Puccini's 'La bohème' in New Hampshire,
reviewed by MARIA NOCKIN

 

During the winter of 1892, Ruggero Leoncavallo showed his new, as yet unfinished libretto for an opera based on Henri Mürger's Scènes de la Vie de Bohème to fellow composer Giacomo Puccini, who was then considering another story. The following year Puccini began work on the Mürger piece, declaring later that he had no idea the other composer was already using it.

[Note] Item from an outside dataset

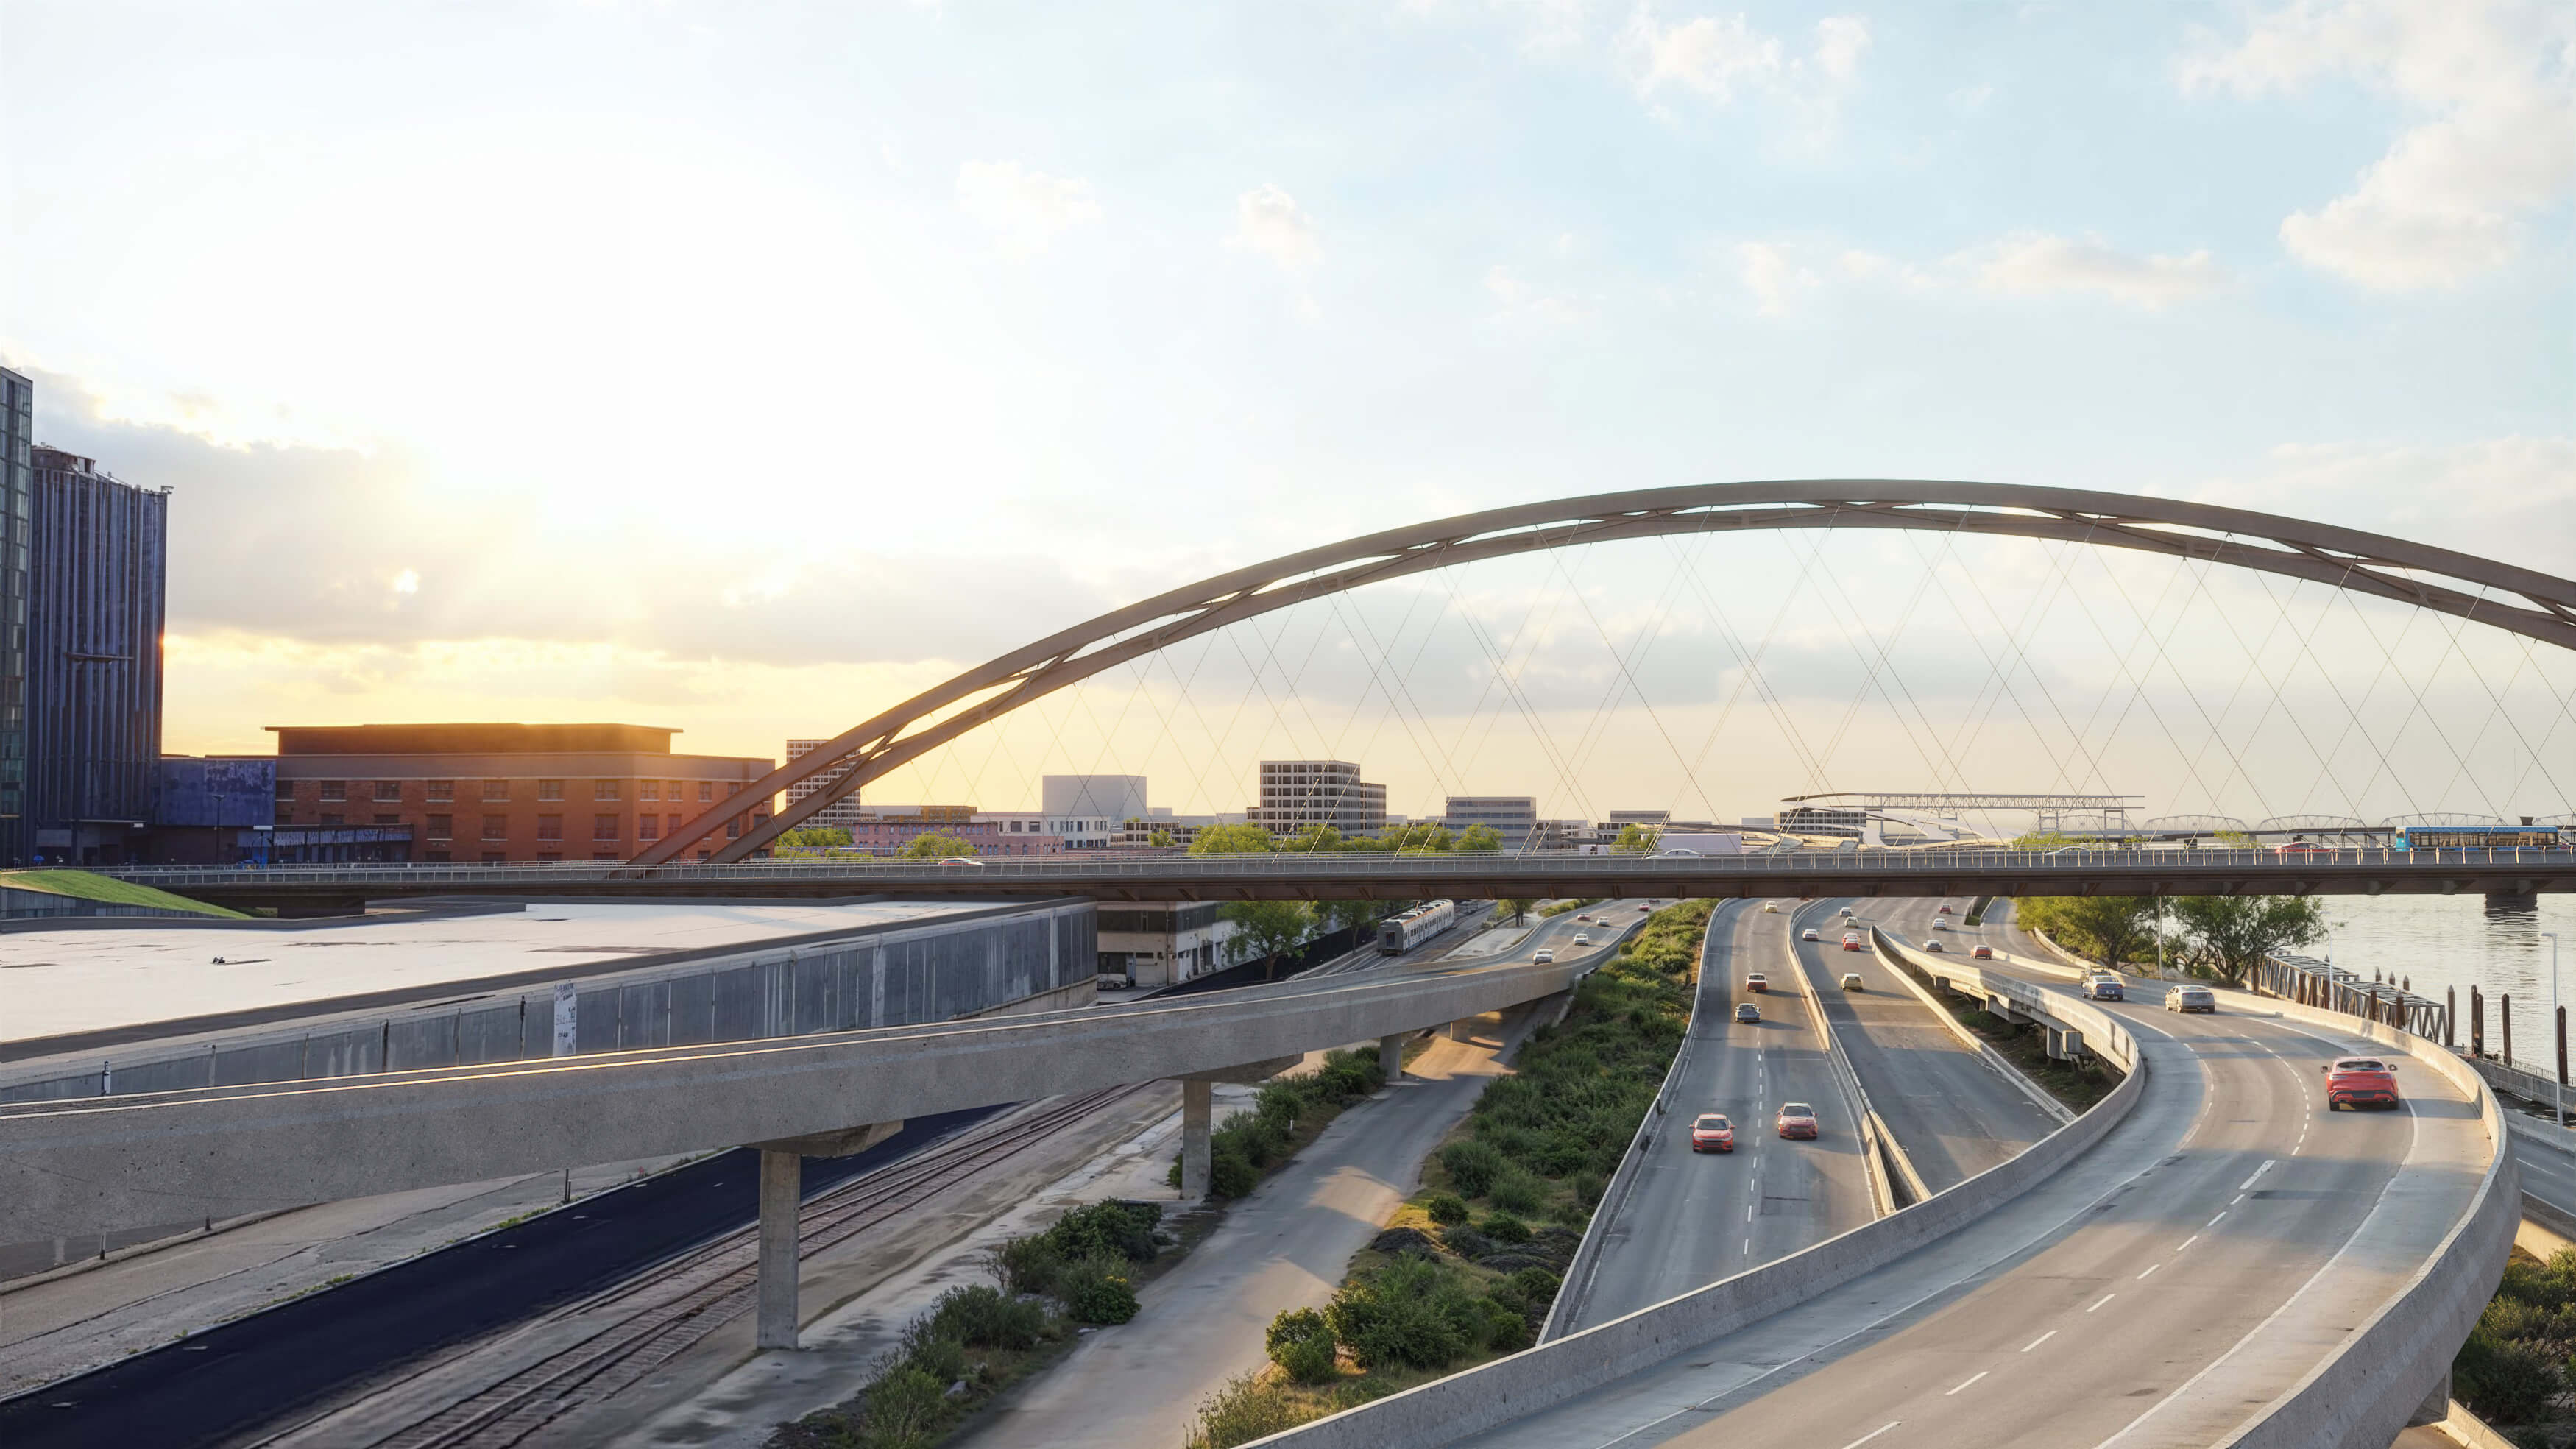 Bridge placement comparison (south view): Shows the arch straddling the I-5 corridor.

Rodolfo (Gabriel Gonzalez), Colline (Mikhail Kolelishvili), Shaunard (Ilia Pavlov) and Marcello (James Bobick) in Act I of 'La bohème'. Photo © 2006 Robin Grant
Rodolfo (Gabriel Gonzalez), Colline (Mikhail Kolelishvili), Shaunard (Ilia Pavlov) and Marcello (James Bobick) in Act I of 'La bohème'. Photo © 2006 Robin Grant

In the end, the two men agreed that the public would have to make the choice between their versions of La bohème and that is exactly what has happened. Today, Leoncavallo is best known for I pagliacci and his other operas are rarely heard. Puccini, on the other hand, is famous for numerous works and his La bohème is one of the world's most frequently performed operas.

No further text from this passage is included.